Raymond retched. His eyes were open but I could tell he thought they were closed. For a moment, they weren’t seeing anything. “Those leftovers are just leftovers. No one’s coming back for what’s in those boxes. They don’t have a chance anymore. You do.”

“Do you think guitarists make more than bassists, Ray, really? How much money do you think I have?” I sat down on the floor, between the toilet and the sink. It was cramped there. I couldn’t move out of Raymond’s line of sight when his eyes focused again. “If I had that money, I’d be taking you out for a meal. You’re the one who deserves it, between the two of us.”

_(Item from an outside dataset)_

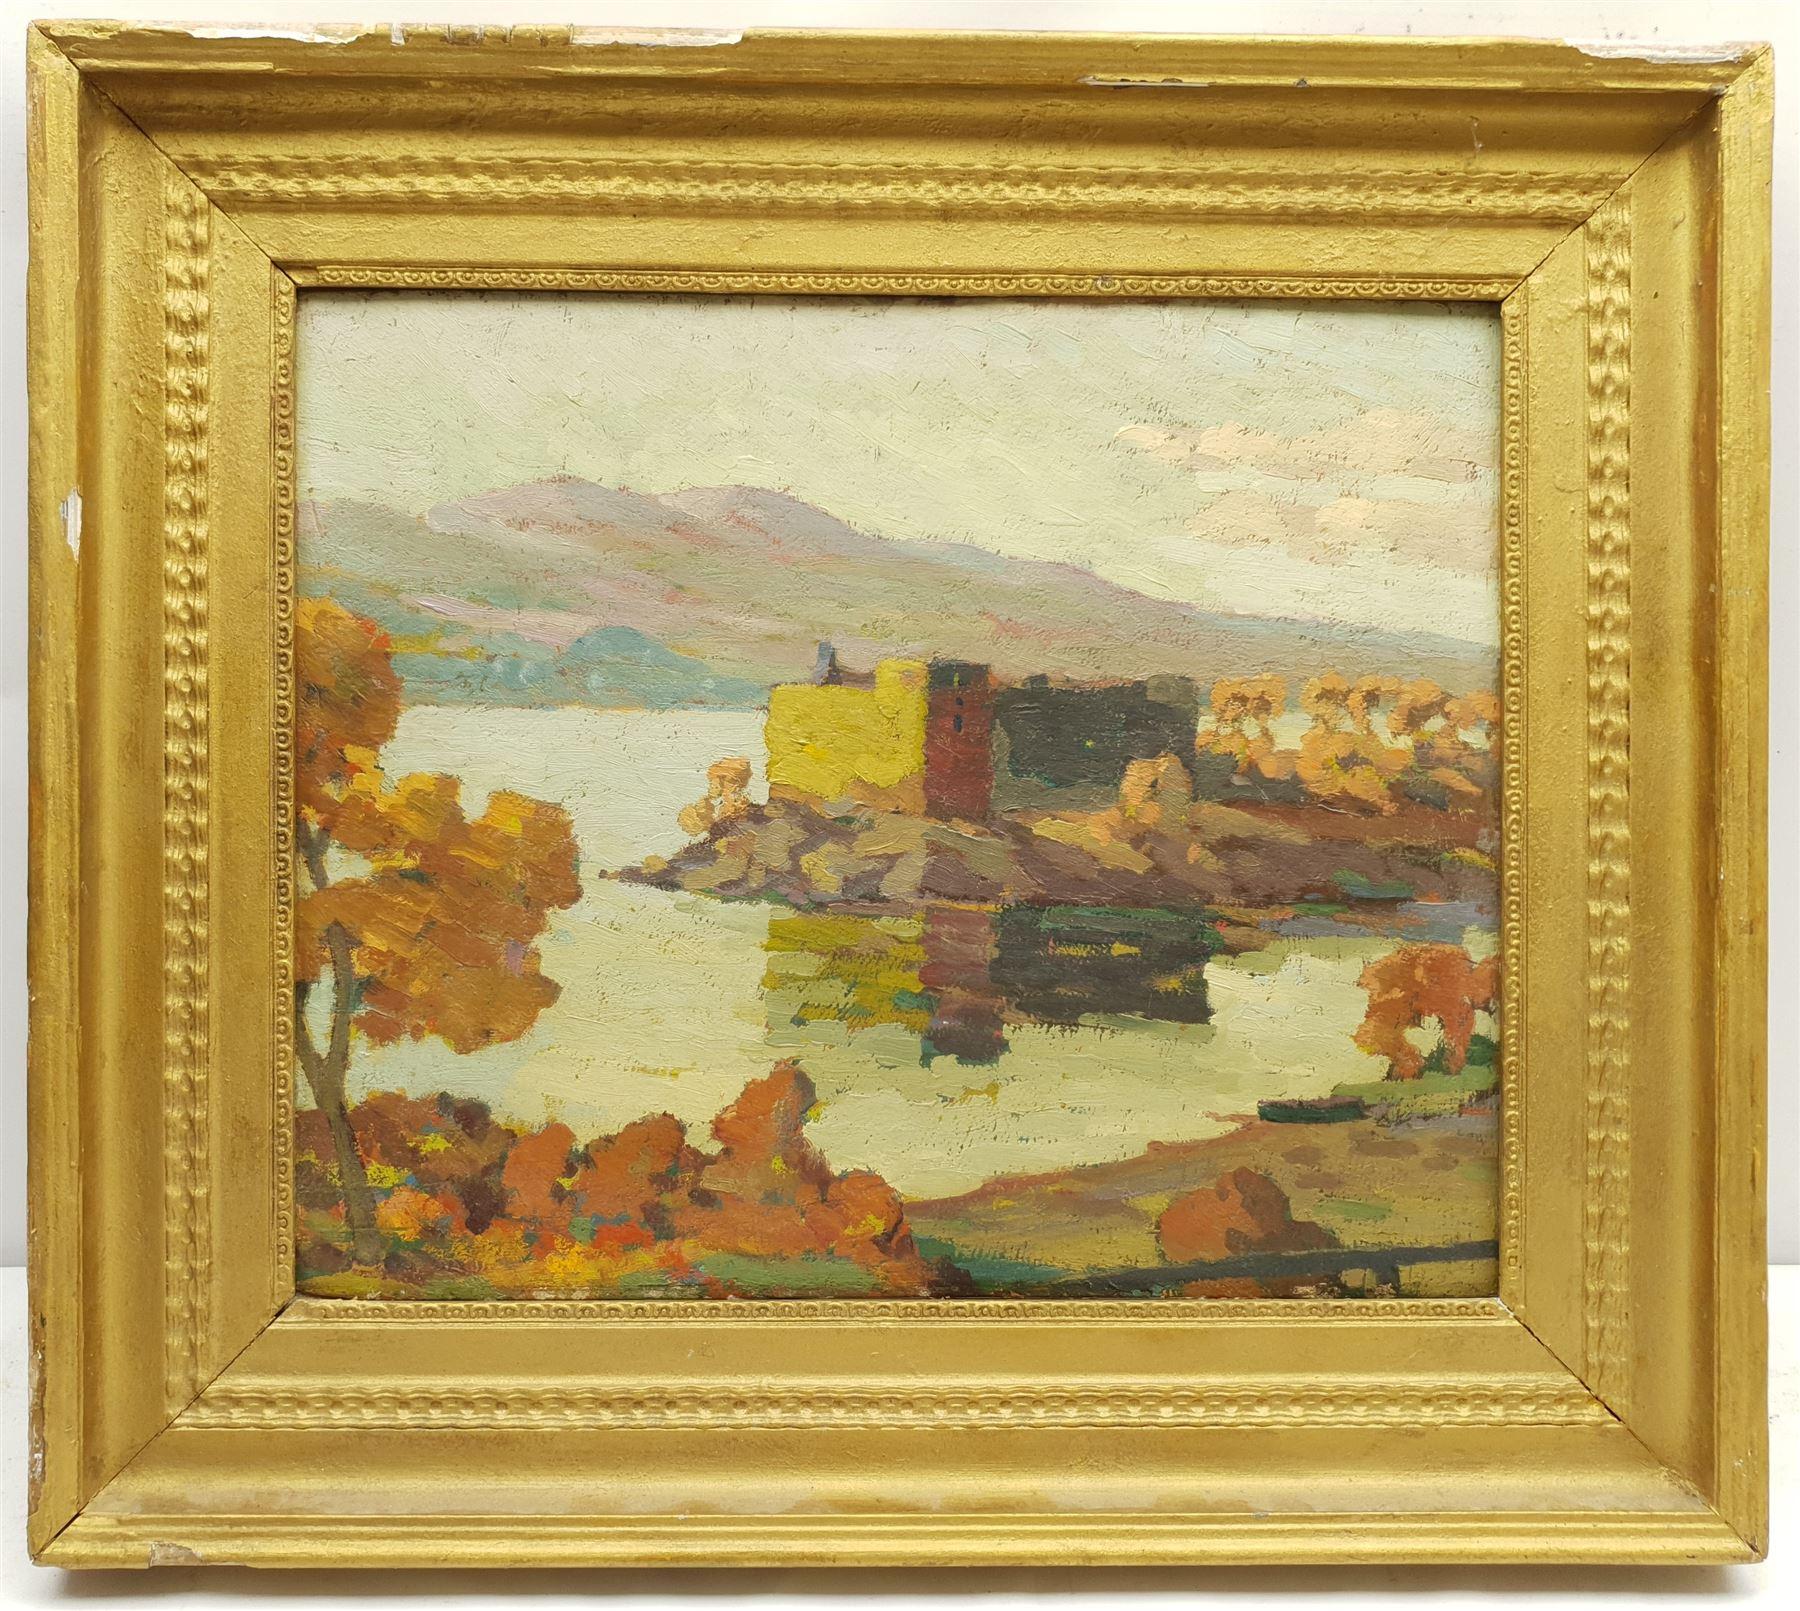 Scottish School (Early 20th century): Loch Scene with Peninsular Castle - Image 2 of 3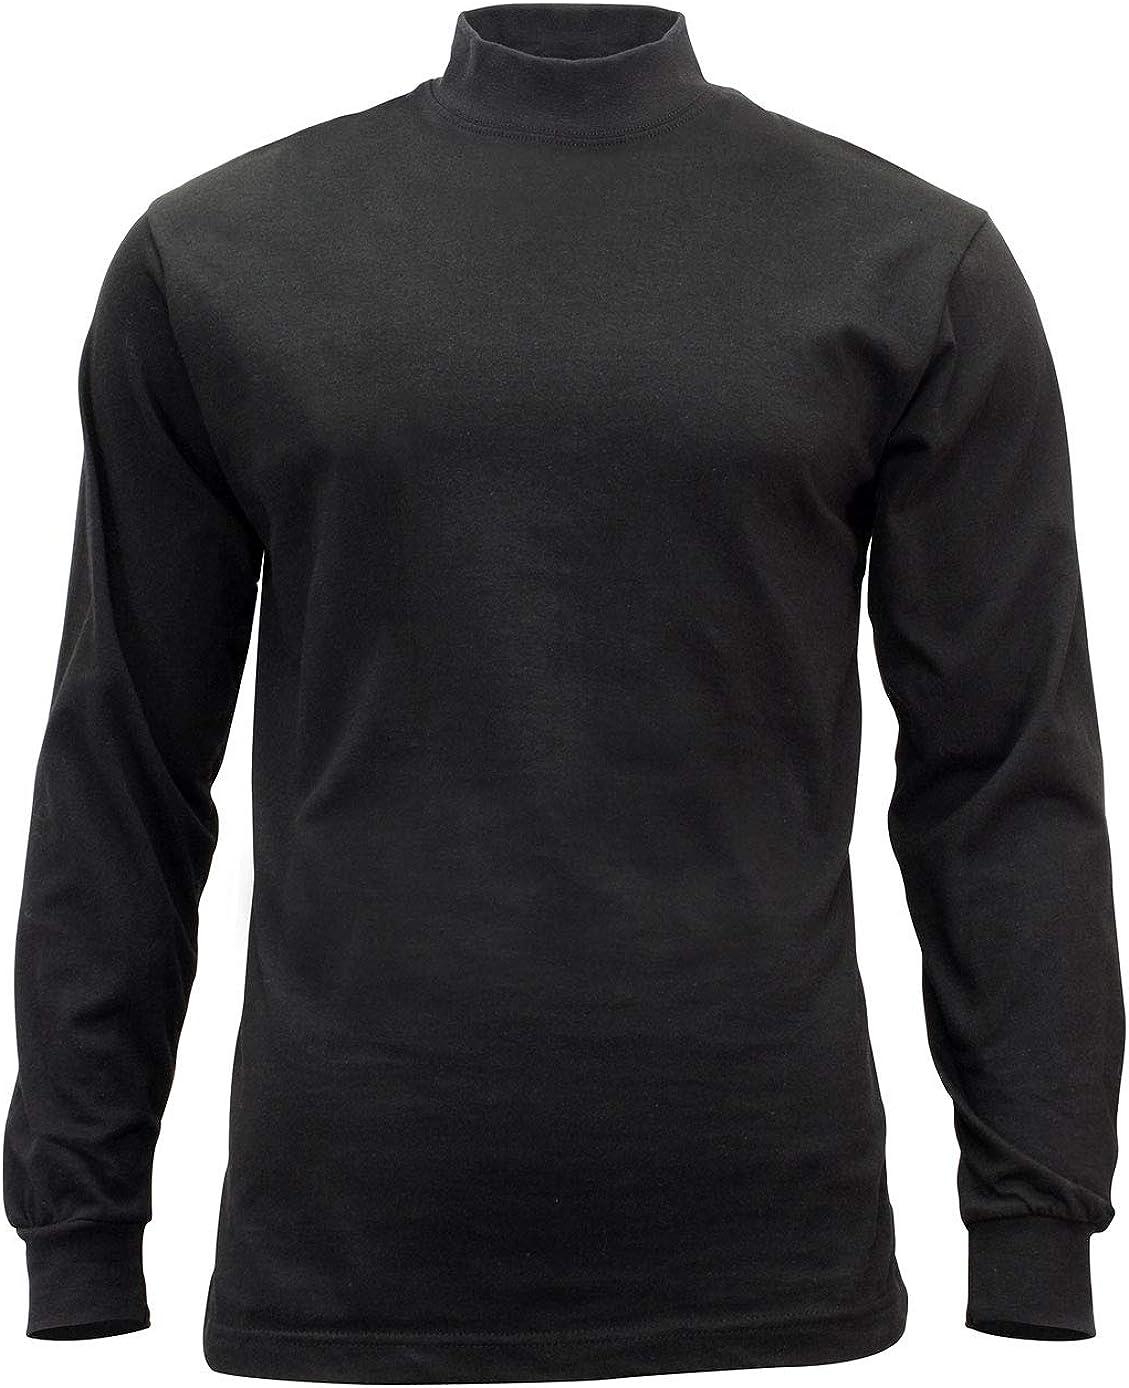 Rothco Mock Turtleneck: Clothing

Raymond scoffed. A little of his colour had returned. A vein still throbbed in his neck. “That logic doesn’t work here anymore, St.York.”


Our next gig came four days later, at a club Raymond and I had scouted. I showed up and ate two burgers and some Kraft dinner, and chased it with three bottles of water and a shot. It would never stop the hunger, but it would stop the nausea for a while. I gasped a little when I’d finished drinking.

Victor and Juliet didn’t look at me until I’d finished. They looked anywhere else as they set up the drum kit. Someone had brought out Raymond’s bass, but someone was also setting it up for him.

“Where’s Raymond?” I asked, taking a step toward the bathroom.

Juliet looked savage as she seized her drumsticks. For a moment, I thought she might run someone through with them. The guy setting up the bass looked away. Victor carefully reached into his bag, resting on an amp. His voice was efficient, all the emotion edited out of it. “He wanted you to have this.”

He handed me the black glass box. Warm to the touch with all that was left of Raymond.